PNG Air revenue rises despite ‘soft’ economic conditions

Business

PNG Air’s overall revenue went up by 28 per cent in 2017 compared to 2016, according to chairman of directors Murray Woo.
“The growth in revenue, despite soft prevailing economic conditions, supports the airline’s strategy of re-fleeting by bringing in brand new ATRs, and shows that we now provide a competitive alternative for the travelling public of Papua New Guinea,” Woo said.
“Our vision in re-fleeting and rebranding the airline was to bring first-world aviation services to PNG.
“Our challenge now is to make air travel more available to the people of PNG and to keep improving the service we offer.”
While revenue grew, the airline recorded an operating loss before abnormal items and tax of K4 million in 2017, which is a significant improvement compared to the K34.84 million operating loss in 2016.
The loss including abnormal items before tax amounted to K11.95 million in 2017 (K73.53 million in 2016).
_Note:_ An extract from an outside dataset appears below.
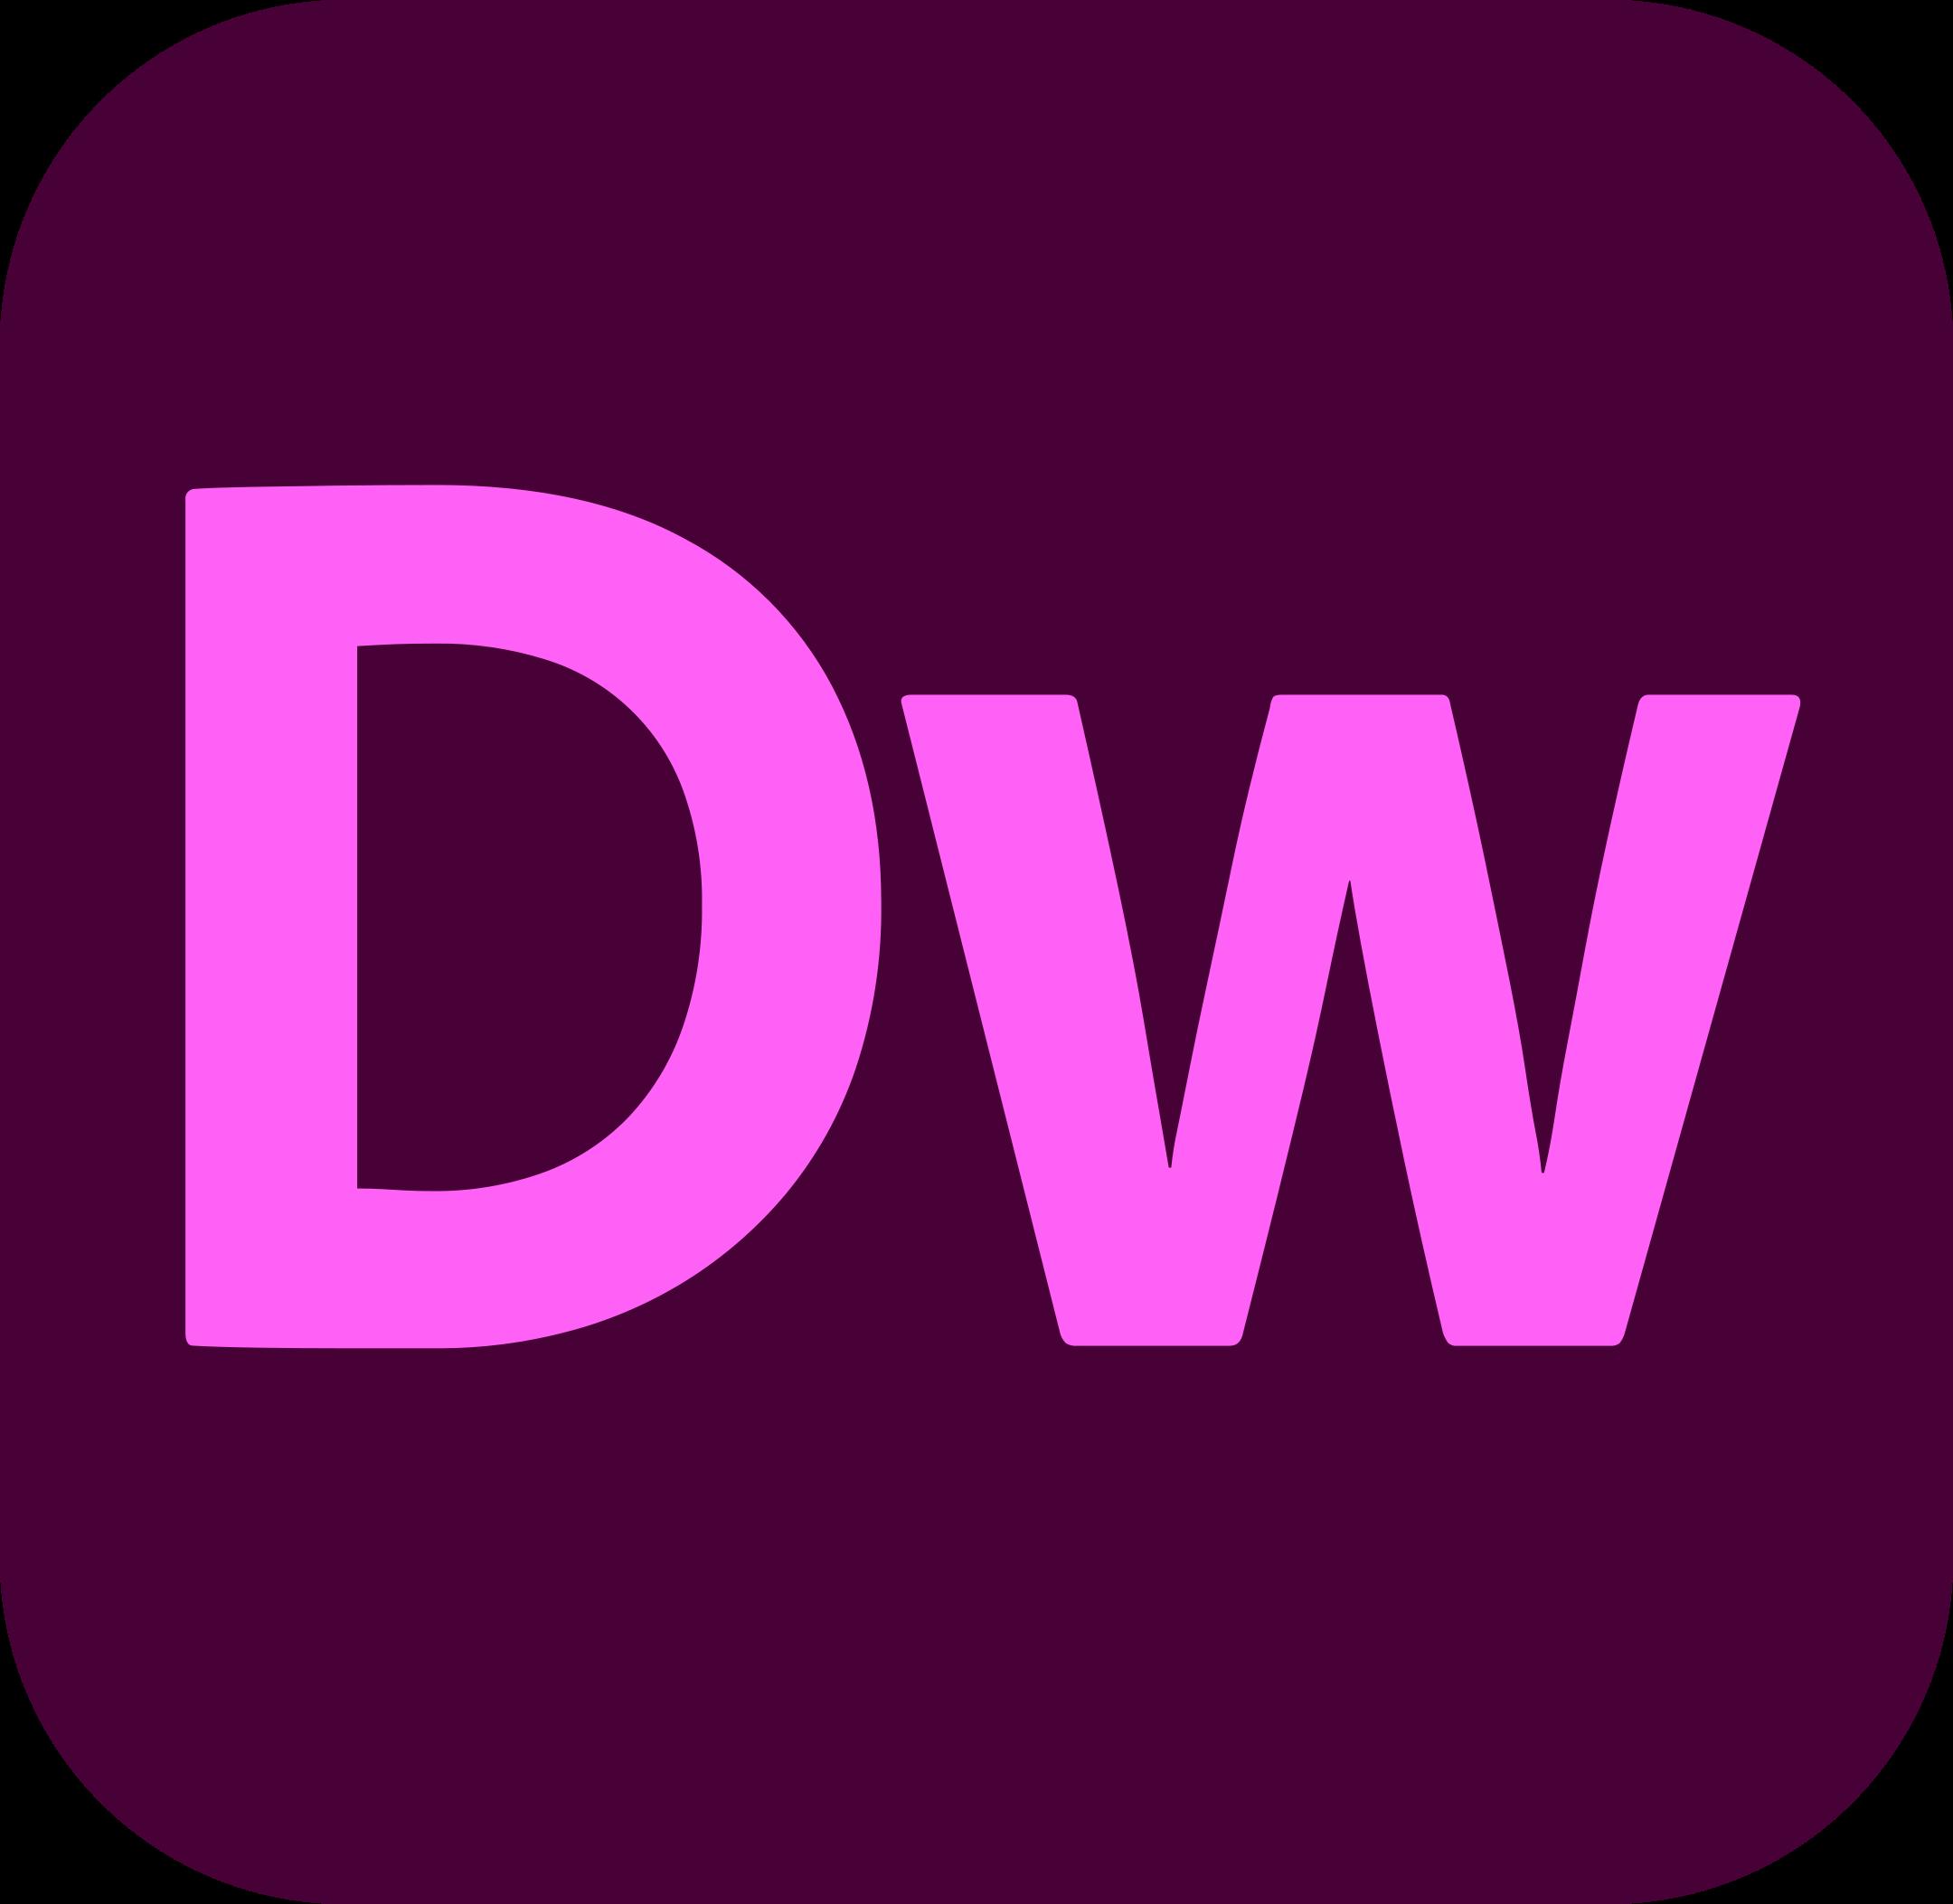 adobe dreamweaver logo 1 1 - Adobe Dreamweaver Logo

“While the operating loss represented an improvement over 2016, we were aiming to make profits in 2017, but the soft PNG economy, weak global resource prices, foreign exchange difficulties and fuel prices all worked against us,” Woo said.
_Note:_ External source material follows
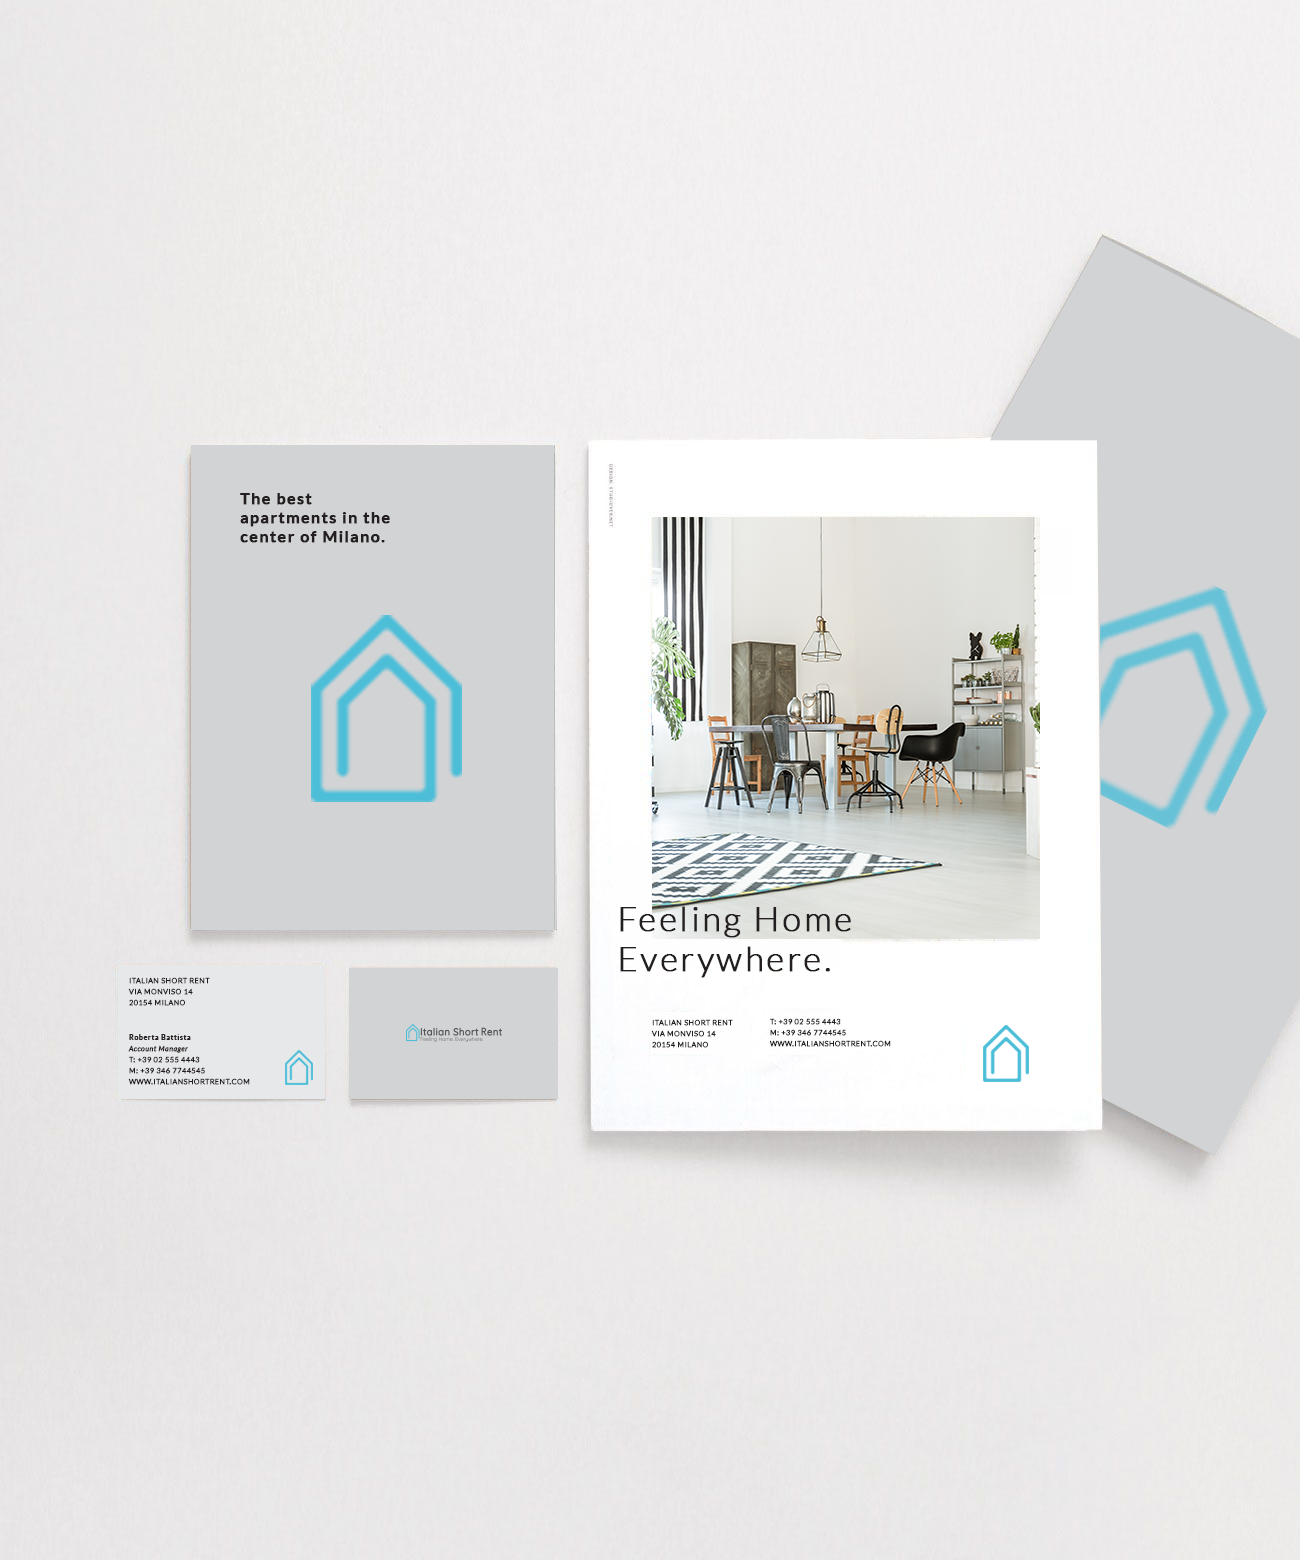 brand_identiti_italian_short_rent_defuse_design_01

“The airline’s highlights for the year included winning the contract to service all of Newcrest’s aviation requirements in PNG, and adding two additional brand new ATR 72-600 aircraft to its fleet, bringing the ATR fleet to seven.
“The airline now has the youngest fleet in PNG.”
PNG Air opened airport lounges at Lae and Mt Hagen, and completed conversion of one of its Dash 8 aircraft to a full-freighter configuration, able to carry up to four tonnes of freight.
“We are confident about the future for PNG Air,” Woo said. “The economy is expected to grow and there should be more investments in the resource sectors.
“PNG Air has the right aircraft and people to provide the aviation services that will require, putting us is in a strong position to benefit as growth occurs.”